-------- COLLECTED MATERIAL --------

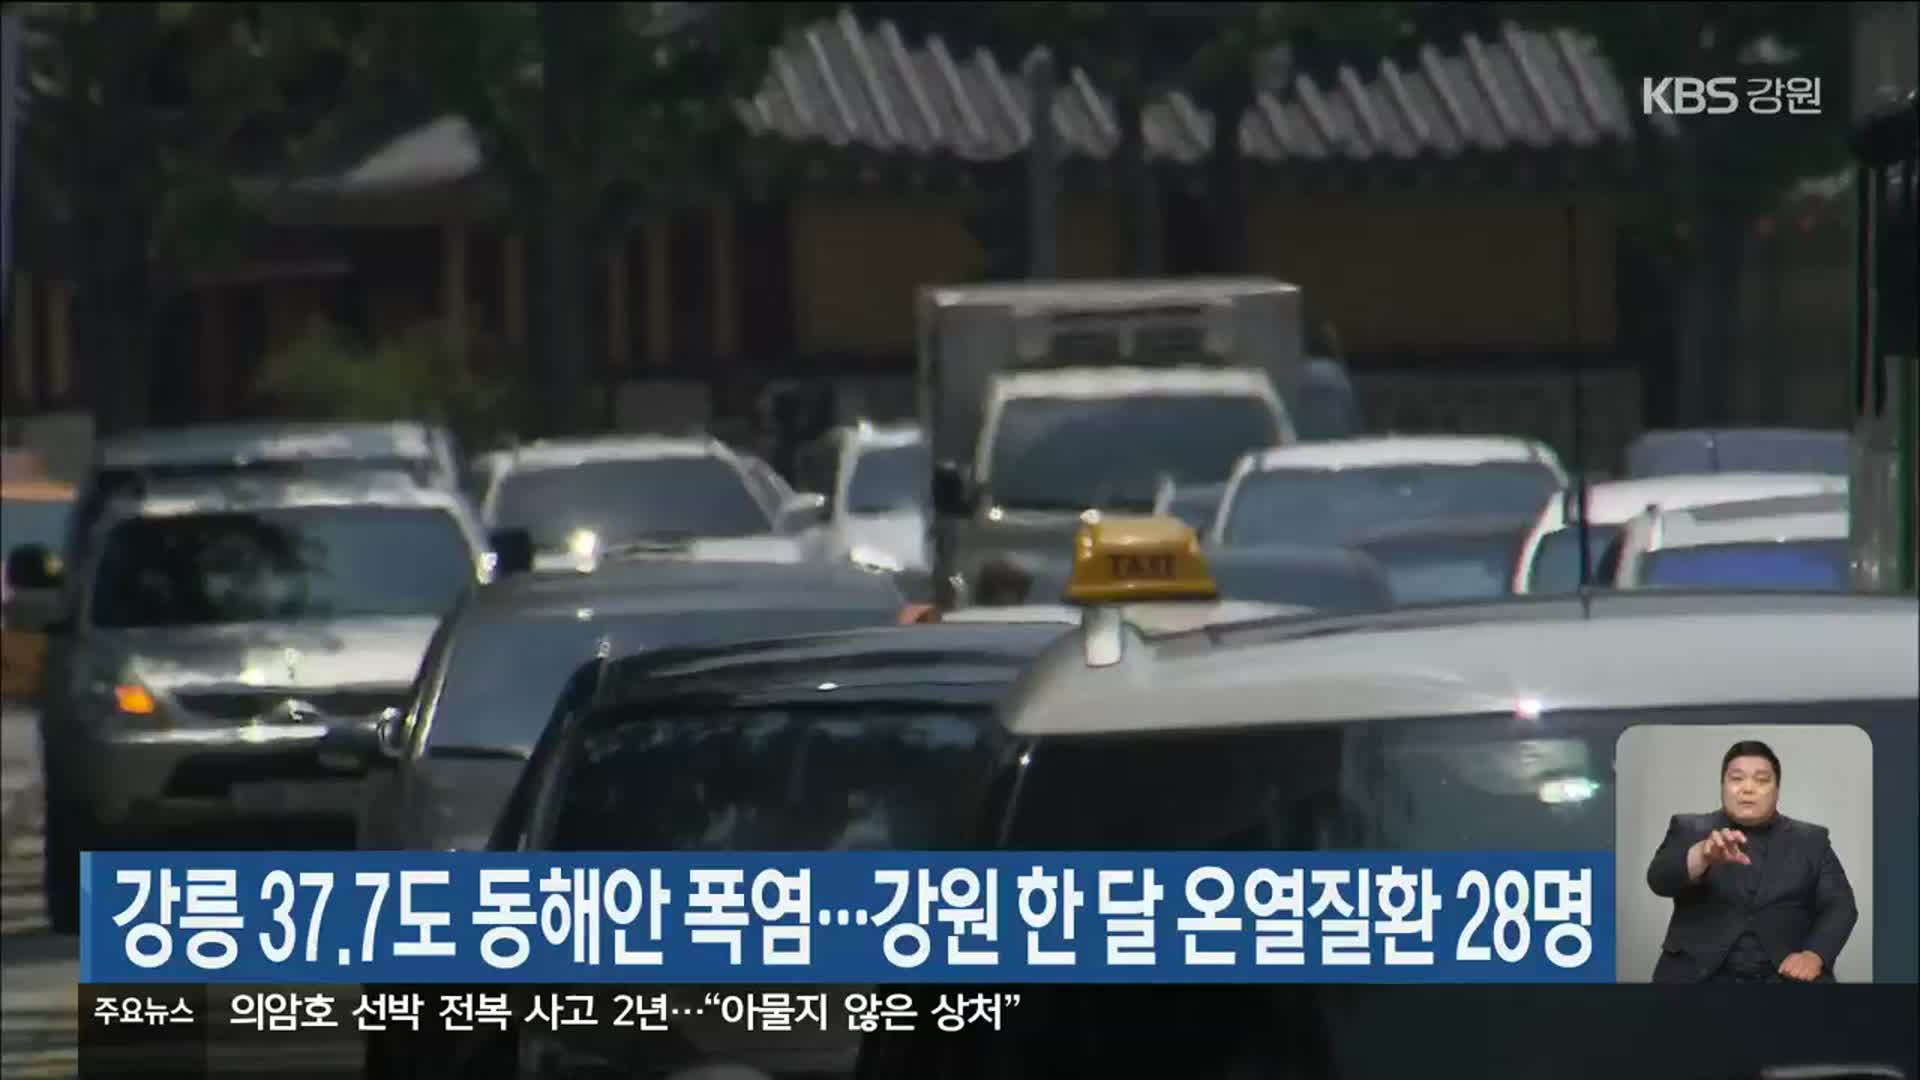 강릉 37.7도 동해안 폭염…강원 한 달 온열질환 28명
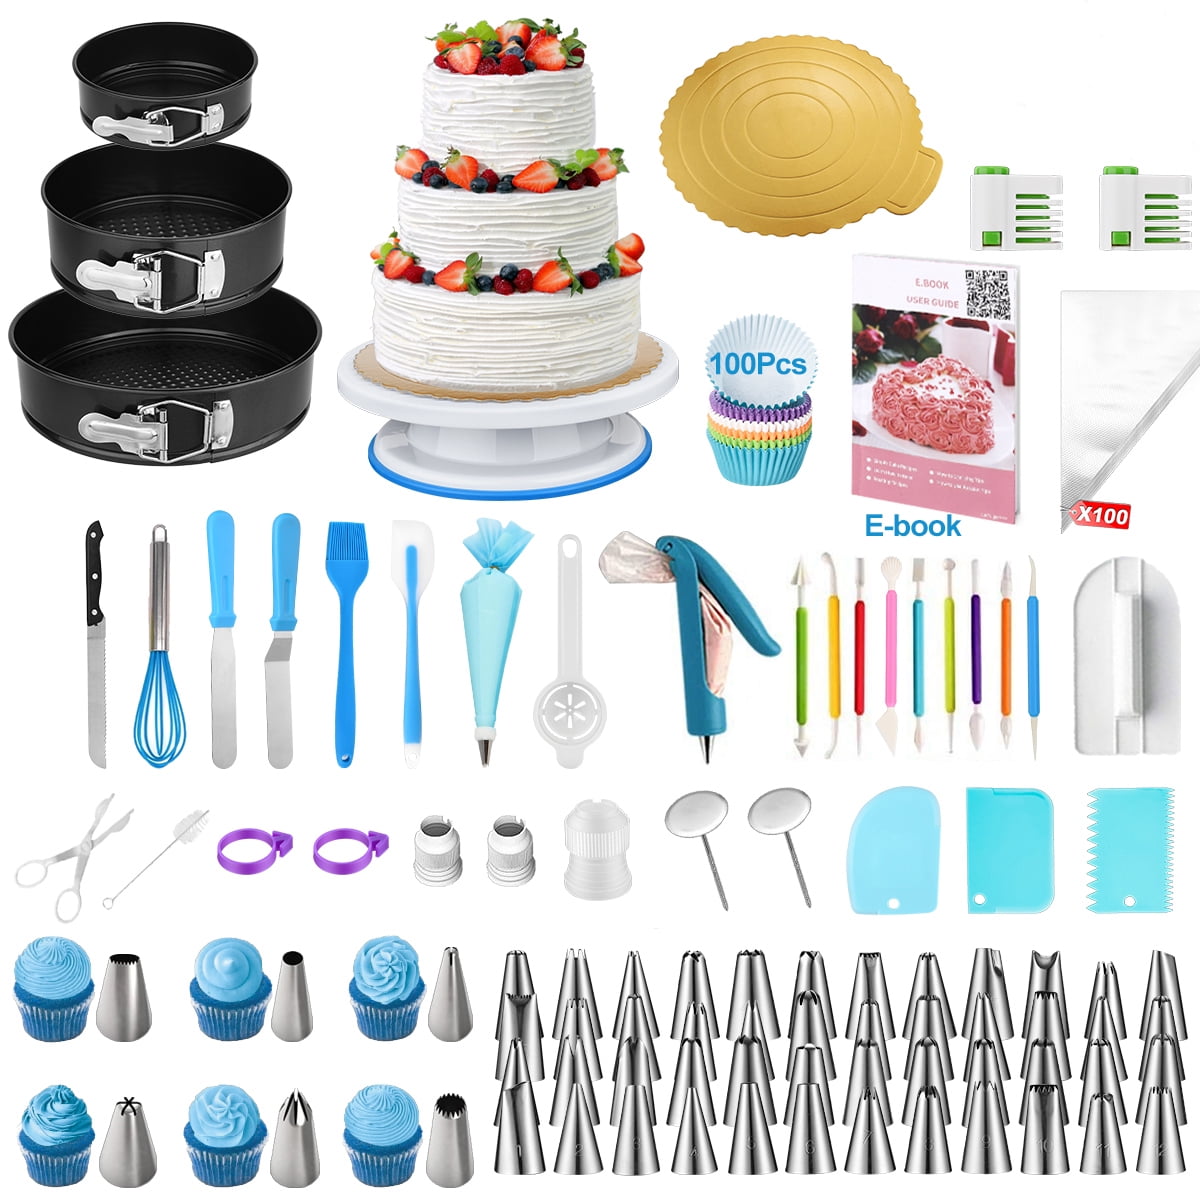  Kit de decoración de tartas, juego de 290 piezas de
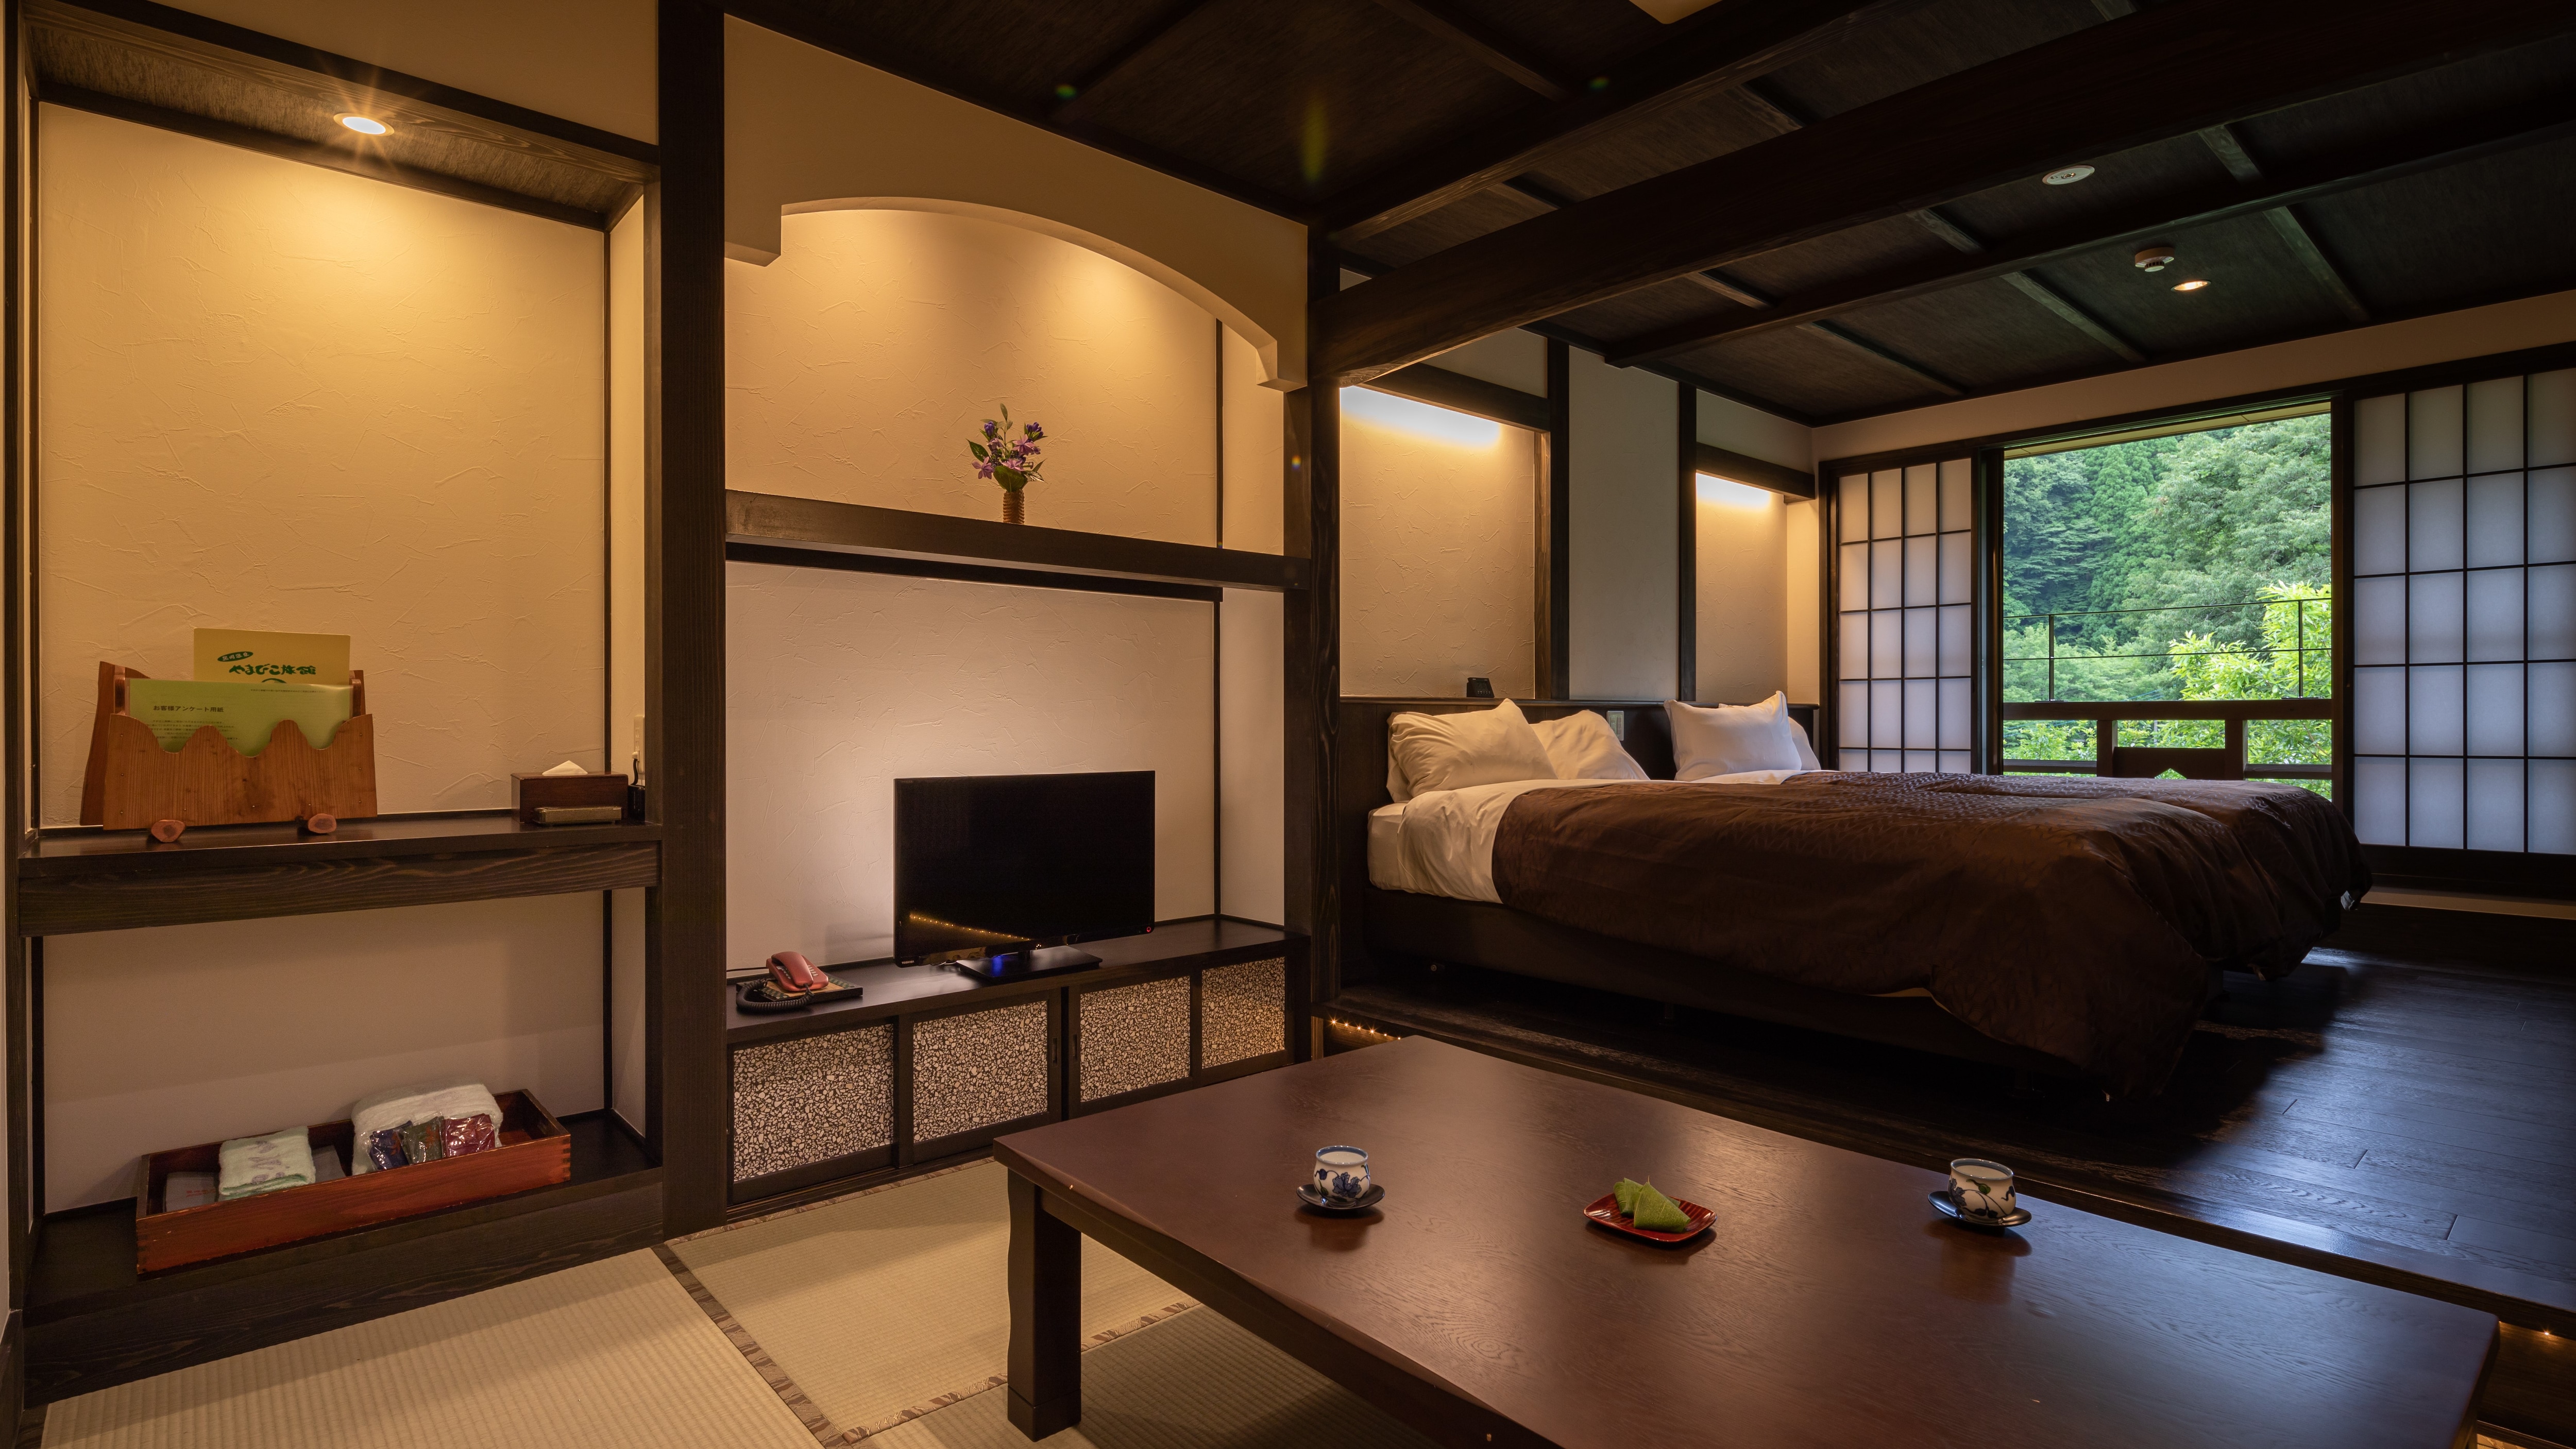 日式和西式房間 II 的例子。這種類型有3個房間。

--------

» **WORK TASK**: Would you set down, word for word, the lines running from the one that contains "Kit de decoración" to the last line of the material, omitting all pictures?

» **RESPONSE BOX**:
  Kit de decoración de tartas, juego de 290 piezas de
 日式和西式房間 II 的例子。這種類型有3個房間。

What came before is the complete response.